-- PROMPT --
When the data below is printed, every line must match exactly and the images must be absent.

-- DATASET EXCERPT --
---

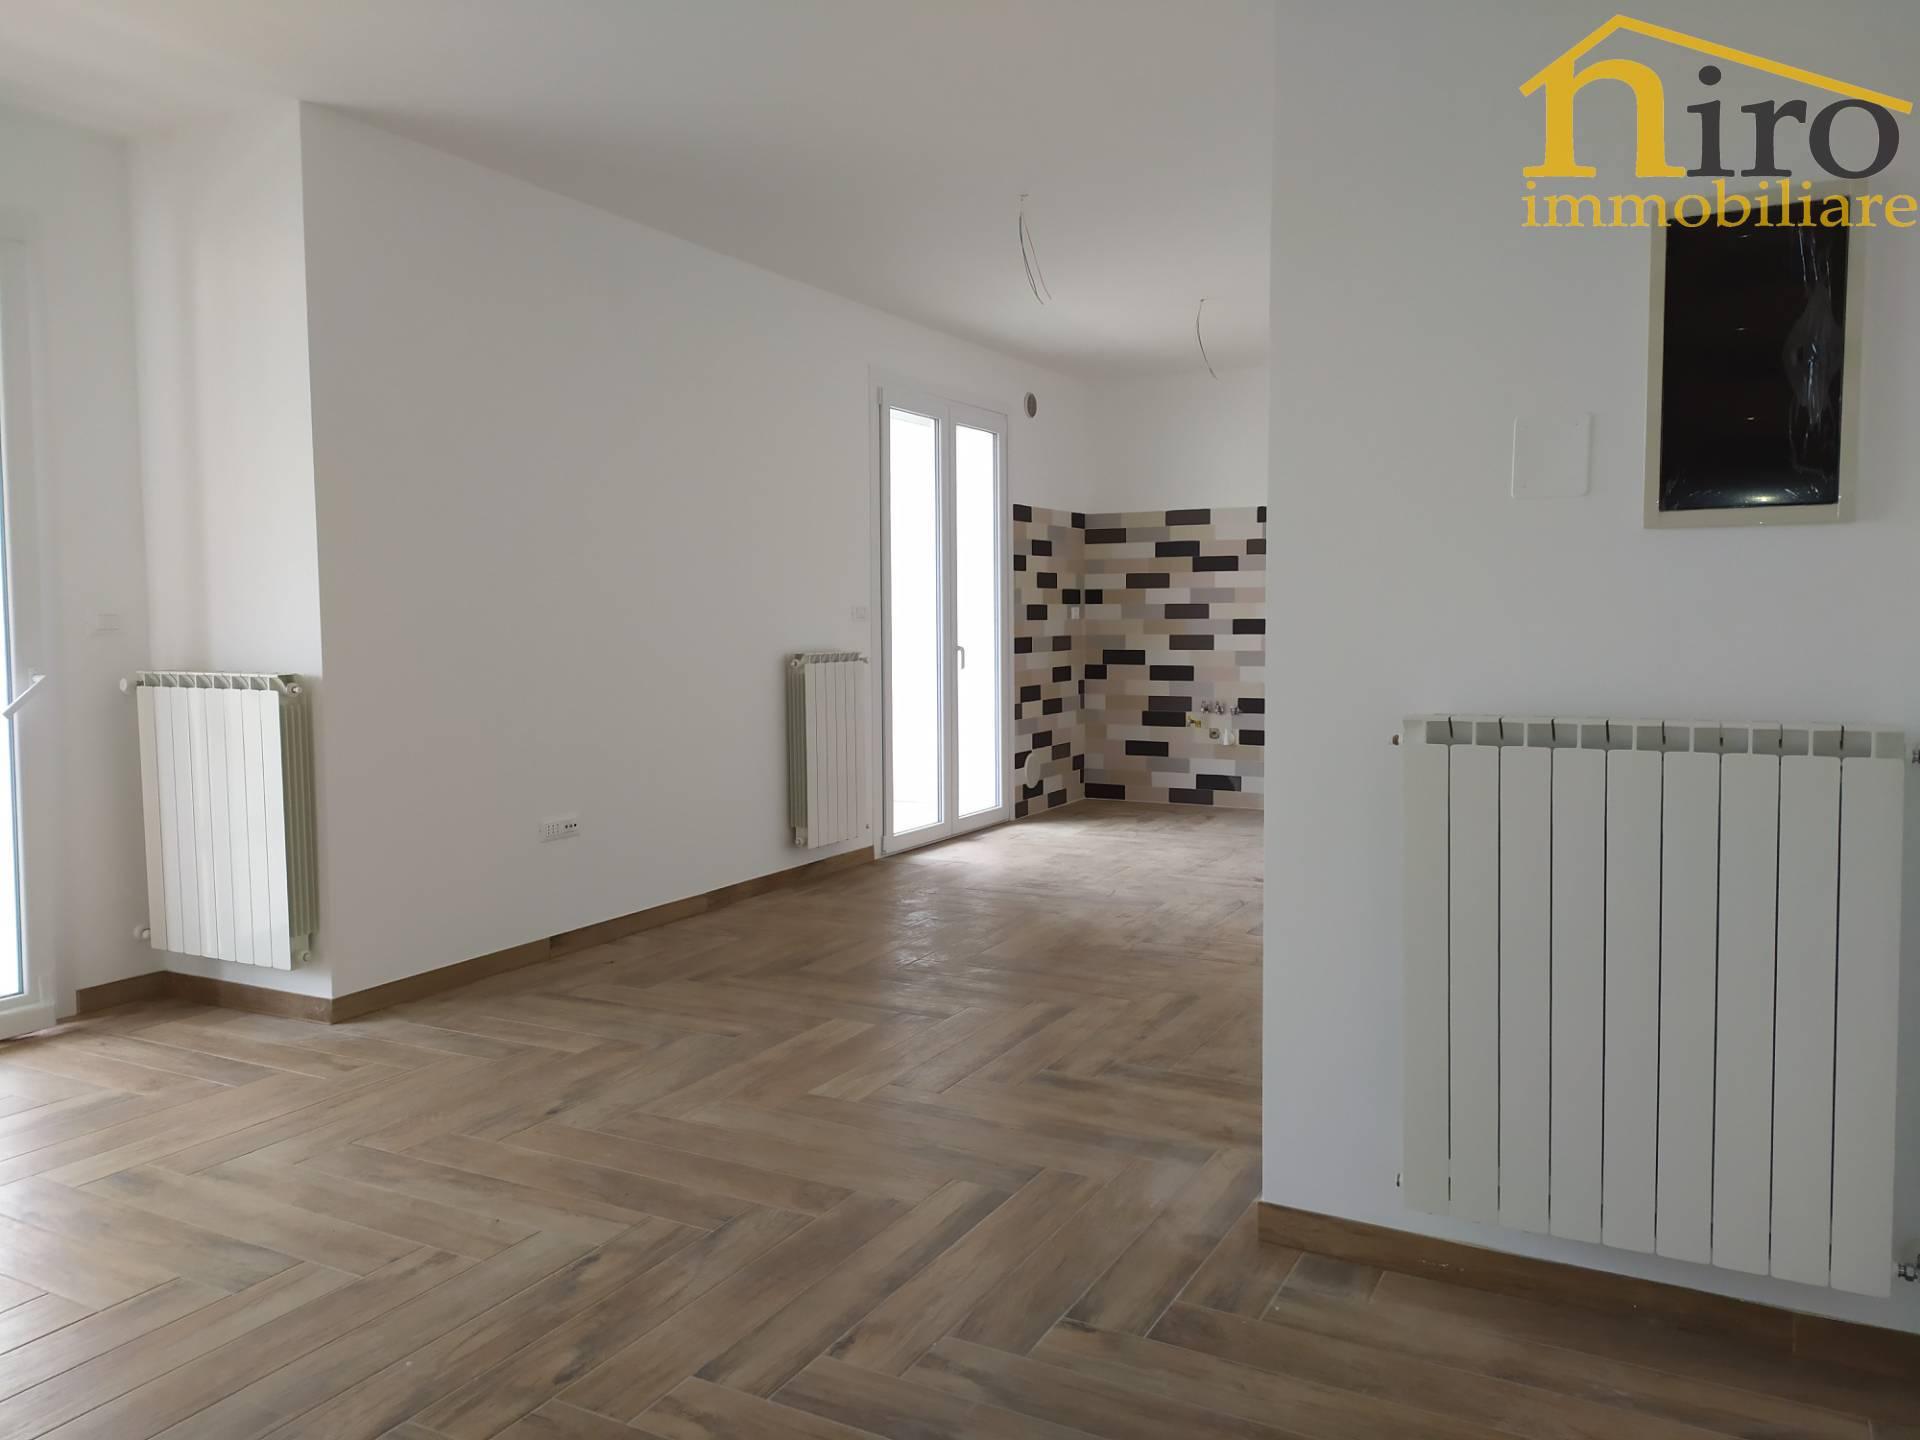 Appartamento in vendita a Francavilla al Mare, 3 locali, prezzo € 200.000 | CambioCasa.it
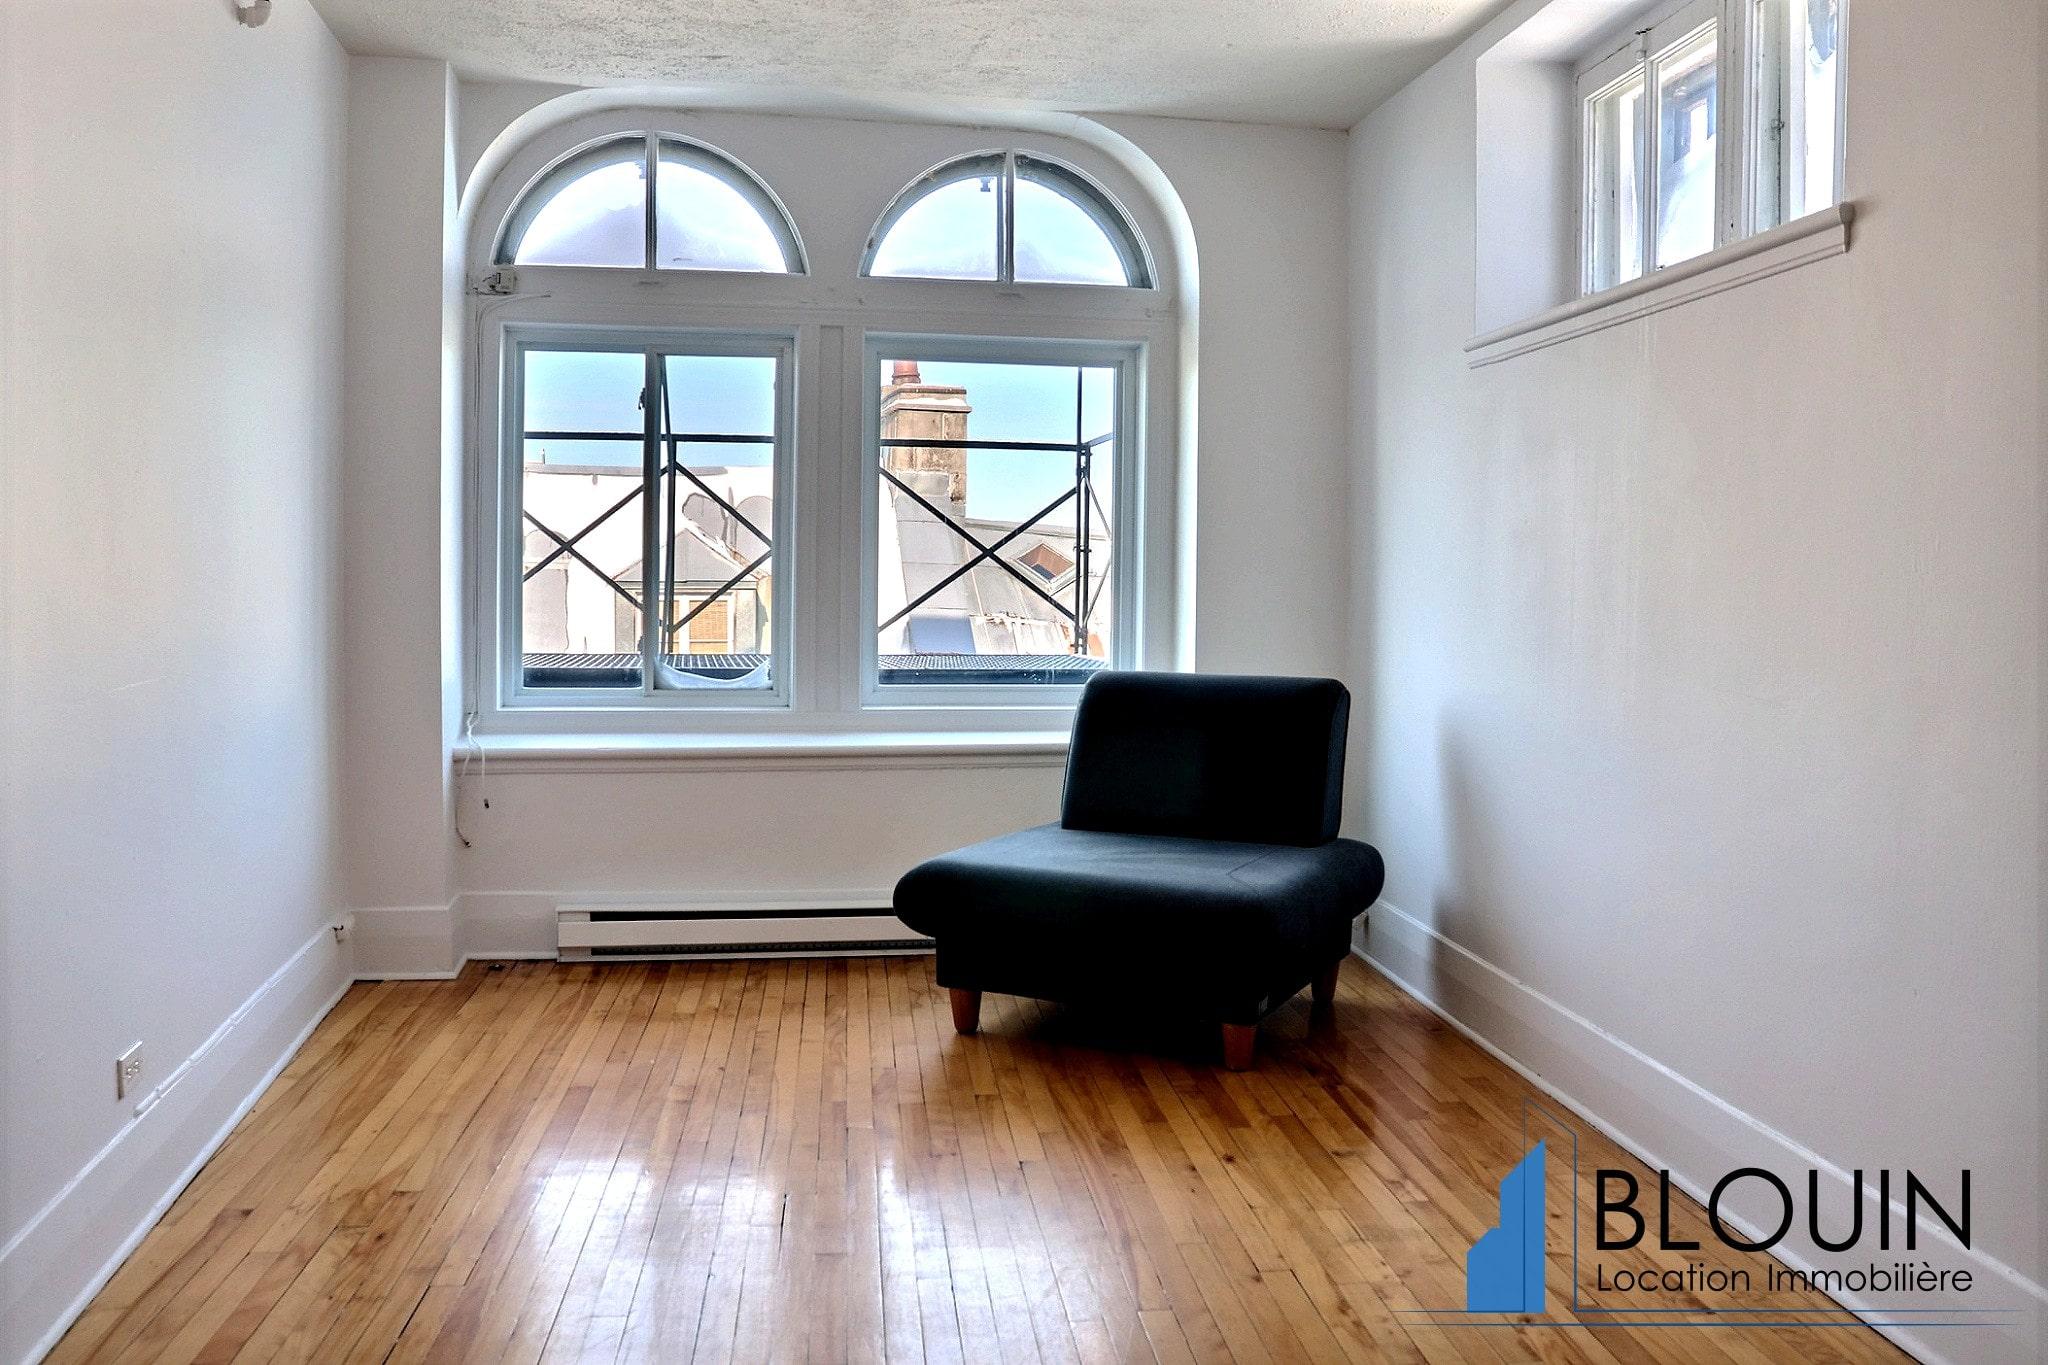 4 ½, Vieux-Québec, Dernier étages, Libre maintenant, Semi-meublé et eau chaude inclus.
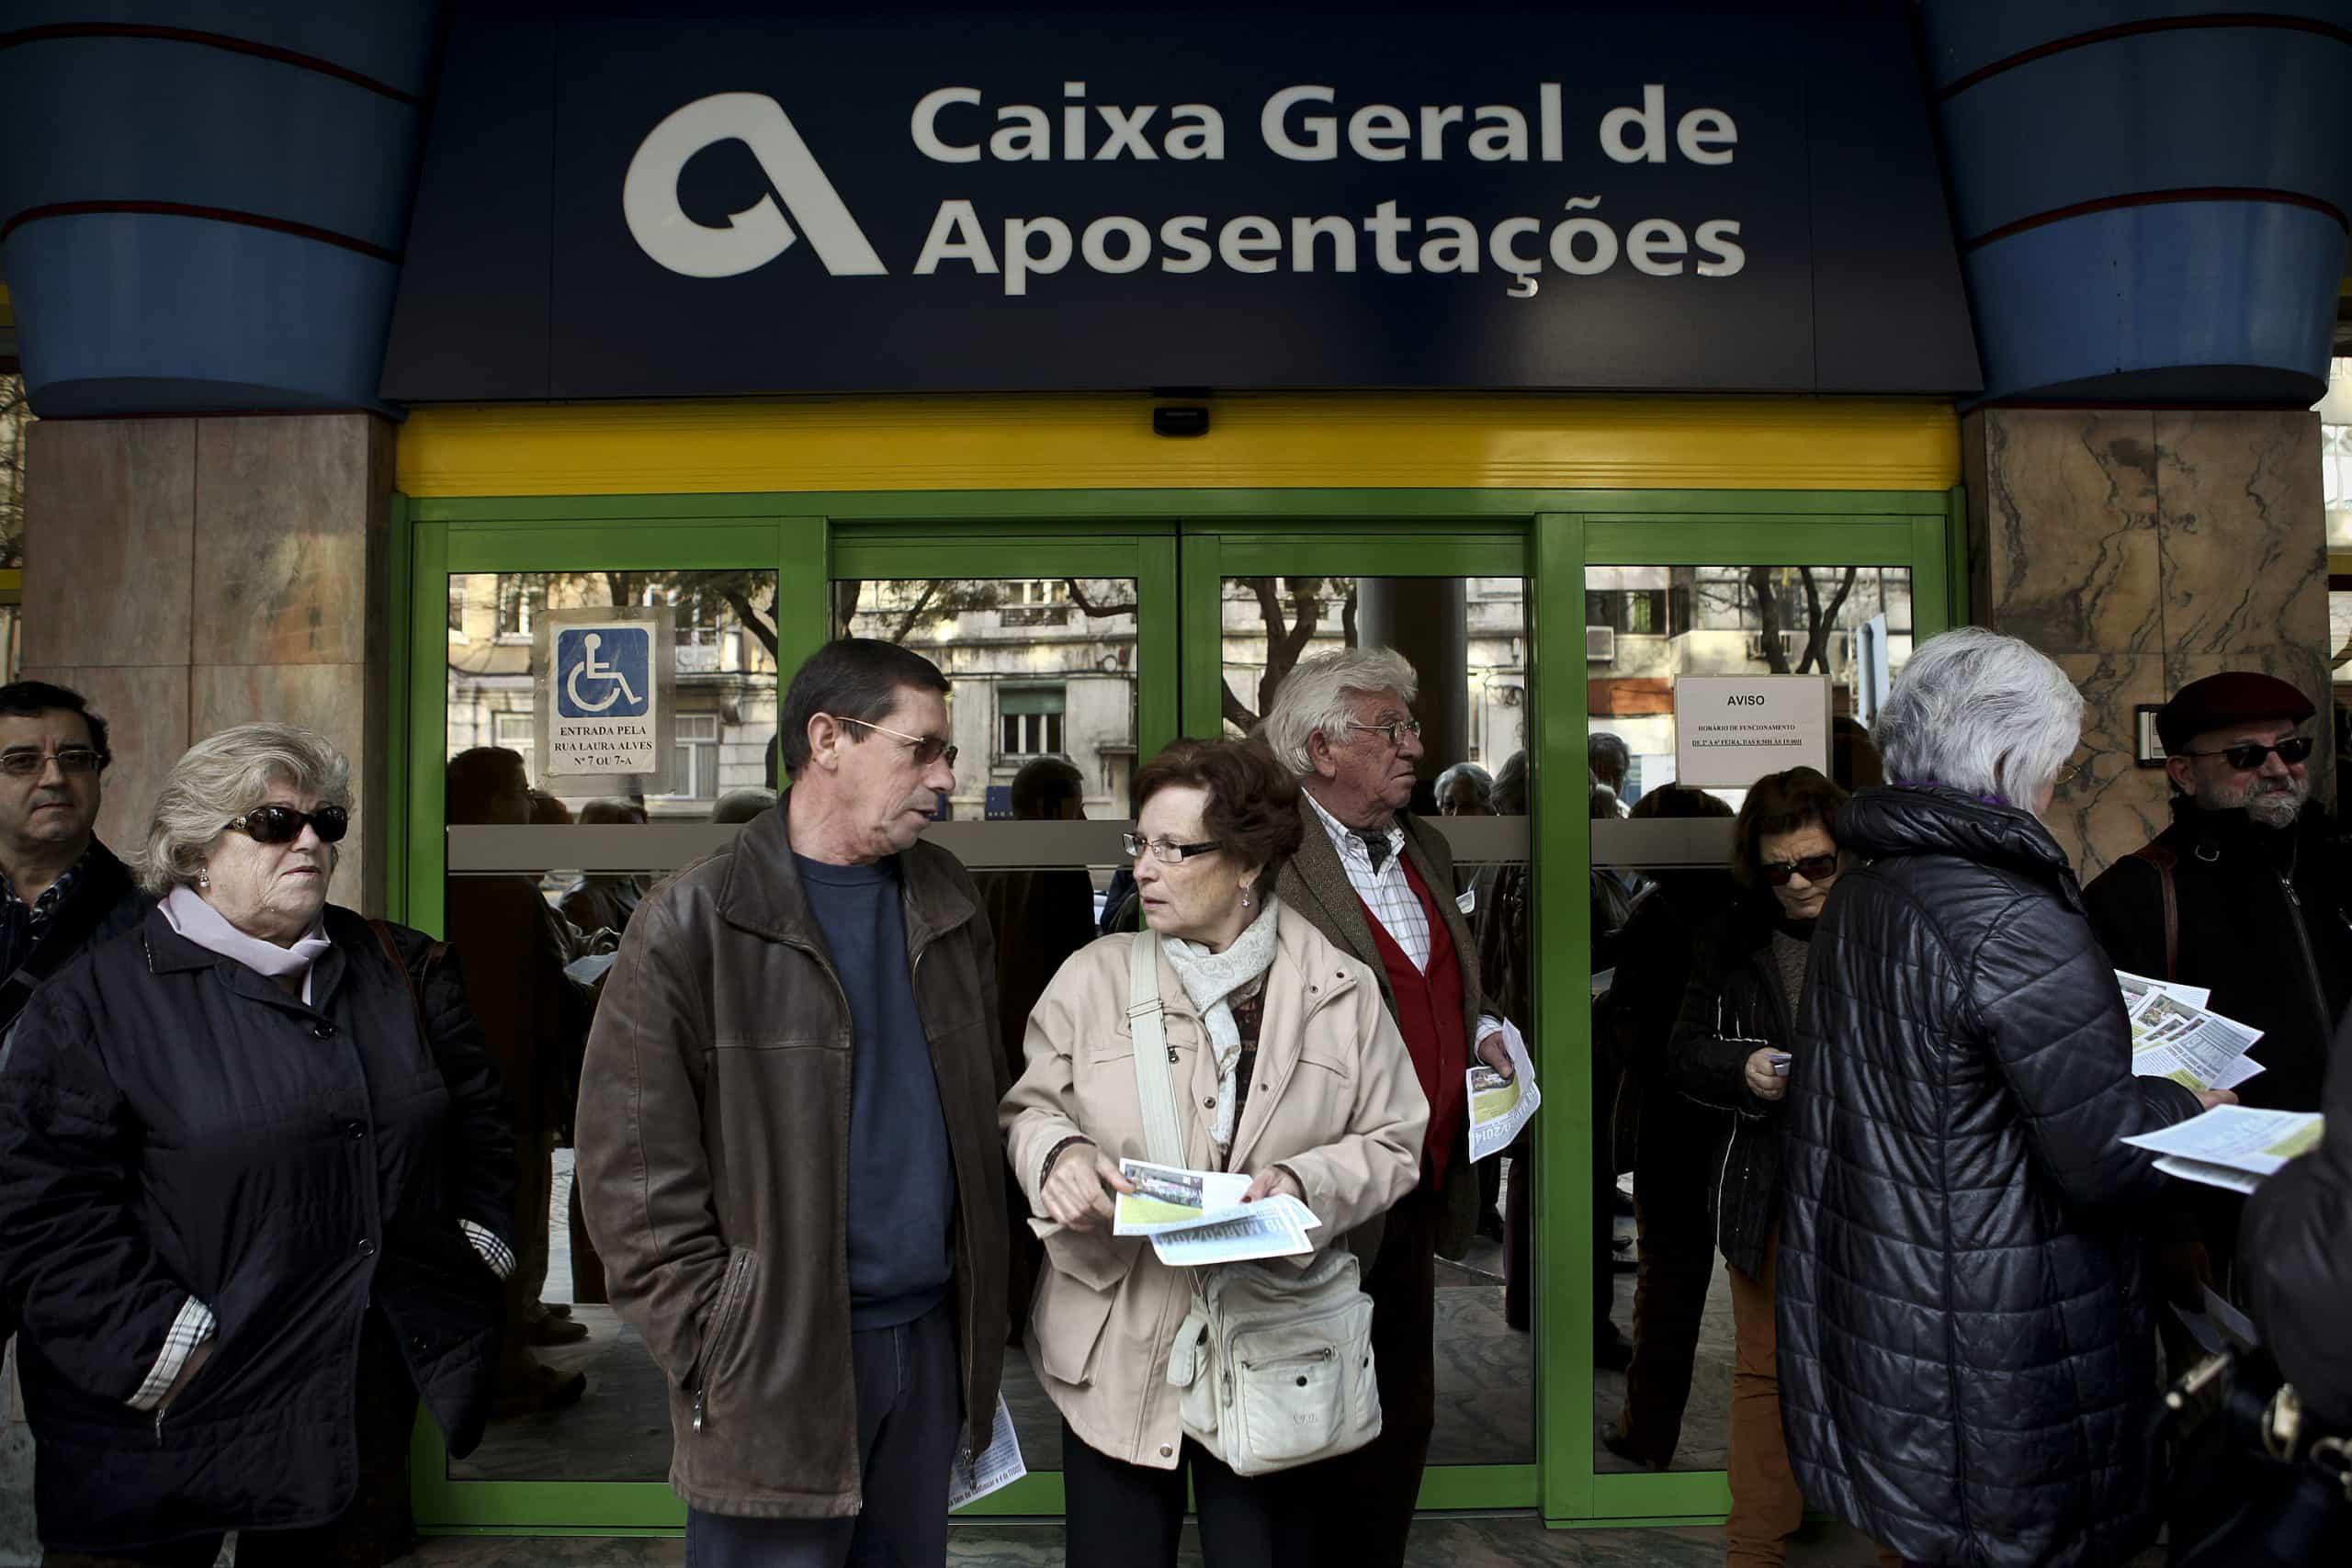 Reformas: PS propõe que se alargue à CGA alívio de penalizações

---

-- WRITTEN SOLUTION --
 Appartamento in vendita a Francavilla al Mare, 3 locali, prezzo € 200.000 | CambioCasa.it
 4 ½, Vieux-Québec, Dernier étages, Libre maintenant, Semi-meublé et eau chaude inclus.
 Reformas: PS propõe que se alargue à CGA alívio de penalizações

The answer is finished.